● **Given entries**
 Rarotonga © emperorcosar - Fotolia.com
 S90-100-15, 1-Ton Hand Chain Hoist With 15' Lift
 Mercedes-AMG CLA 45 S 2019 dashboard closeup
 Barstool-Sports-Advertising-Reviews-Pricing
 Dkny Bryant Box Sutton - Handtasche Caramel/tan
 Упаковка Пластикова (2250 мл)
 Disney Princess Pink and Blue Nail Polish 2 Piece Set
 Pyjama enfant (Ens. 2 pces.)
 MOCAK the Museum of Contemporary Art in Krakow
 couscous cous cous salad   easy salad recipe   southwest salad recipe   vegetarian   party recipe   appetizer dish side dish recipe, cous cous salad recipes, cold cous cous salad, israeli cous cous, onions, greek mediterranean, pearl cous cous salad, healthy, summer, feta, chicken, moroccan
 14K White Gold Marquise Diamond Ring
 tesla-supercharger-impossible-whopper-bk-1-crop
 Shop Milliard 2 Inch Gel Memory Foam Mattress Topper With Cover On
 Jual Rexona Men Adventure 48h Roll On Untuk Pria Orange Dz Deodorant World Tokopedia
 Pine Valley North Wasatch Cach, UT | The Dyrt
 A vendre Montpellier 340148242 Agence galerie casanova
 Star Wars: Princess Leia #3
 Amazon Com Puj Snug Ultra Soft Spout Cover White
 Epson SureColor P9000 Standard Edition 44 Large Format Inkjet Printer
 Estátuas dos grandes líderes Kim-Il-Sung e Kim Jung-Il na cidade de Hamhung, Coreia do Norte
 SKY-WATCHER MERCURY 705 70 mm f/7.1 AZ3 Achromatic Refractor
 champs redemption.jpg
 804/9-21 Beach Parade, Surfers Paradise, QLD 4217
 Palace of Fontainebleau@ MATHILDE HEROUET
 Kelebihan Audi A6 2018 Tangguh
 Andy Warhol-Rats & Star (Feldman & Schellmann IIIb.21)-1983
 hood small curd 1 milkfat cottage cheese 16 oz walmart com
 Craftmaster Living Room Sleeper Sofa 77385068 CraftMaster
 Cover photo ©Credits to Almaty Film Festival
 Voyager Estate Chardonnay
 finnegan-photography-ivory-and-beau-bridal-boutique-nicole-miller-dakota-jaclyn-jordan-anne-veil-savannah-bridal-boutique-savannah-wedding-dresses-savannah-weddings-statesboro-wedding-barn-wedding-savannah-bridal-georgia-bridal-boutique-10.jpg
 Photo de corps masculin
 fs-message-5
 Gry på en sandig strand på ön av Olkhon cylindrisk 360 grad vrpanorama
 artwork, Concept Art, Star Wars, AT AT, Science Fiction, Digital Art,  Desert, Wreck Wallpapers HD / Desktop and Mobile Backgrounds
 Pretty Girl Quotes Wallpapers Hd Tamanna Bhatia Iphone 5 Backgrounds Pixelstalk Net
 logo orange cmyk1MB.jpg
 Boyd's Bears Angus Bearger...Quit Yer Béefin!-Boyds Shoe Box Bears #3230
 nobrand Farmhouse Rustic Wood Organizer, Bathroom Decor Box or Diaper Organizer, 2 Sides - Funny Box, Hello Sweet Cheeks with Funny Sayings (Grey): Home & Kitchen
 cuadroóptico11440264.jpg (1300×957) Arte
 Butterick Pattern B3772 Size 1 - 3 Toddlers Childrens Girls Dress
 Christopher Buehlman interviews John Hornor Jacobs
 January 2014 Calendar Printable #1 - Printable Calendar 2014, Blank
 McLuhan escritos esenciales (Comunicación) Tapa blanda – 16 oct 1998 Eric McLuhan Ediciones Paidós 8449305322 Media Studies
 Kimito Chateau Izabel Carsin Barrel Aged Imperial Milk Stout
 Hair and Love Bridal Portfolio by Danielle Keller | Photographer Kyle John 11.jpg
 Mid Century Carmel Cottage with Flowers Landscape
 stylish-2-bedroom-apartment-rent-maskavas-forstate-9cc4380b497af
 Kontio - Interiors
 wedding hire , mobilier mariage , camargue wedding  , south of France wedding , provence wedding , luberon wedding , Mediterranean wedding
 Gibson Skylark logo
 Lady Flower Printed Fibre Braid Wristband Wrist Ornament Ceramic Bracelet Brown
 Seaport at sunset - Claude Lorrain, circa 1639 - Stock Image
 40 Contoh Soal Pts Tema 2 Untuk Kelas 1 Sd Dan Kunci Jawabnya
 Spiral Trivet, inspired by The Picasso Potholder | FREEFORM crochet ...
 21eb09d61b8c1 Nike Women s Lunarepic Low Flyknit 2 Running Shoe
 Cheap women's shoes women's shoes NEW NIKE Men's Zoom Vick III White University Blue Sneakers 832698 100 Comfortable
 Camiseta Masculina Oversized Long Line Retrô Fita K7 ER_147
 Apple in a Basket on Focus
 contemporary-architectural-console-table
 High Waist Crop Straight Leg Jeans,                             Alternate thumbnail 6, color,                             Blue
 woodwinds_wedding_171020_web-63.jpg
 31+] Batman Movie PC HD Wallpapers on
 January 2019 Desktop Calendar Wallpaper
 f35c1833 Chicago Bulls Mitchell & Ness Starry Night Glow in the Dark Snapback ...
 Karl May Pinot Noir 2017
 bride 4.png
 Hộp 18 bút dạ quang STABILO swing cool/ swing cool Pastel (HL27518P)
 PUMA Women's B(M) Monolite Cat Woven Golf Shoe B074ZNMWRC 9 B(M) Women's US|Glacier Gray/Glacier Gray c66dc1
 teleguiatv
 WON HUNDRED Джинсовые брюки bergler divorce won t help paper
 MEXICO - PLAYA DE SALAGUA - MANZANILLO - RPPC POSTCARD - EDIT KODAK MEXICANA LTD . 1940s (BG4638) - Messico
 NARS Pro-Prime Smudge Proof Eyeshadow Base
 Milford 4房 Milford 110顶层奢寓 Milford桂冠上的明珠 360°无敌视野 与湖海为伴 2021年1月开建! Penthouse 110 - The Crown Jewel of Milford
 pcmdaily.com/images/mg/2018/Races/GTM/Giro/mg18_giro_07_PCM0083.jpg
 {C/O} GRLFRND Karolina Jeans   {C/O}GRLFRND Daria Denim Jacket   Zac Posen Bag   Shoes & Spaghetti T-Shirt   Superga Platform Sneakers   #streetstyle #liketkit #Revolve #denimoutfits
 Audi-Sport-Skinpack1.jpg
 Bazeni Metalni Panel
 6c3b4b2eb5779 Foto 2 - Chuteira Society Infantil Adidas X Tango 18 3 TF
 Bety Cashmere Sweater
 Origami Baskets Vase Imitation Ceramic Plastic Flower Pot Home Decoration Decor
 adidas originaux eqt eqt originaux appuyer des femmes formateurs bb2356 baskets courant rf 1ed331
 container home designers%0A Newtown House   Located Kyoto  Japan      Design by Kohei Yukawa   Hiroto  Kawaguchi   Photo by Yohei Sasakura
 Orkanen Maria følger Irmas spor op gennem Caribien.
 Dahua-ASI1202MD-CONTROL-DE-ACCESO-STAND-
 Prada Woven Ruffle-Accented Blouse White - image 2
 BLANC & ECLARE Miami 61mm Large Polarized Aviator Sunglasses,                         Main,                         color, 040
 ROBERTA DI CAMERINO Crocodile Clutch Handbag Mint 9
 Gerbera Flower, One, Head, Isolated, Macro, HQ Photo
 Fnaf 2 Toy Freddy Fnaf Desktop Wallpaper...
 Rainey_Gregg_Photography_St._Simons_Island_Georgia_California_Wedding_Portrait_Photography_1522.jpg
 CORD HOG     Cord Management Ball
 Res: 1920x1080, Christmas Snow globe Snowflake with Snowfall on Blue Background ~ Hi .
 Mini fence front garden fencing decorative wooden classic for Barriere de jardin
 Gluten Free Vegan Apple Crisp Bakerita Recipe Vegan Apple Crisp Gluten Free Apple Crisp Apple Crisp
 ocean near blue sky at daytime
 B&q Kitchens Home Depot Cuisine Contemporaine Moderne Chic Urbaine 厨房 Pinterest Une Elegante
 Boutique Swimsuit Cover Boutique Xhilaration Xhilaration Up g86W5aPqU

● **Task details**
Set down, exactly as they stand above, the lines starting with the line with "Andy Warhol-Rats &" and going on through the line with "Kimito Chateau Izabel", and no others.

● **Expected answer**
 Andy Warhol-Rats & Star (Feldman & Schellmann IIIb.21)-1983
 hood small curd 1 milkfat cottage cheese 16 oz walmart com
 Craftmaster Living Room Sleeper Sofa 77385068 CraftMaster
 Cover photo ©Credits to Almaty Film Festival
 Voyager Estate Chardonnay
 finnegan-photography-ivory-and-beau-bridal-boutique-nicole-miller-dakota-jaclyn-jordan-anne-veil-savannah-bridal-boutique-savannah-wedding-dresses-savannah-weddings-statesboro-wedding-barn-wedding-savannah-bridal-georgia-bridal-boutique-10.jpg
 Photo de corps masculin
 fs-message-5
 Gry på en sandig strand på ön av Olkhon cylindrisk 360 grad vrpanorama
 artwork, Concept Art, Star Wars, AT AT, Science Fiction, Digital Art,  Desert, Wreck Wallpapers HD / Desktop and Mobile Backgrounds
 Pretty Girl Quotes Wallpapers Hd Tamanna Bhatia Iphone 5 Backgrounds Pixelstalk Net
 logo orange cmyk1MB.jpg
 Boyd's Bears Angus Bearger...Quit Yer Béefin!-Boyds Shoe Box Bears #3230
 nobrand Farmhouse Rustic Wood Organizer, Bathroom Decor Box or Diaper Organizer, 2 Sides - Funny Box, Hello Sweet Cheeks with Funny Sayings (Grey): Home & Kitchen
 cuadroóptico11440264.jpg (1300×957) Arte
 Butterick Pattern B3772 Size 1 - 3 Toddlers Childrens Girls Dress
 Christopher Buehlman interviews John Hornor Jacobs
 January 2014 Calendar Printable #1 - Printable Calendar 2014, Blank
 McLuhan escritos esenciales (Comunicación) Tapa blanda – 16 oct 1998 Eric McLuhan Ediciones Paidós 8449305322 Media Studies
 Kimito Chateau Izabel Carsin Barrel Aged Imperial Milk Stout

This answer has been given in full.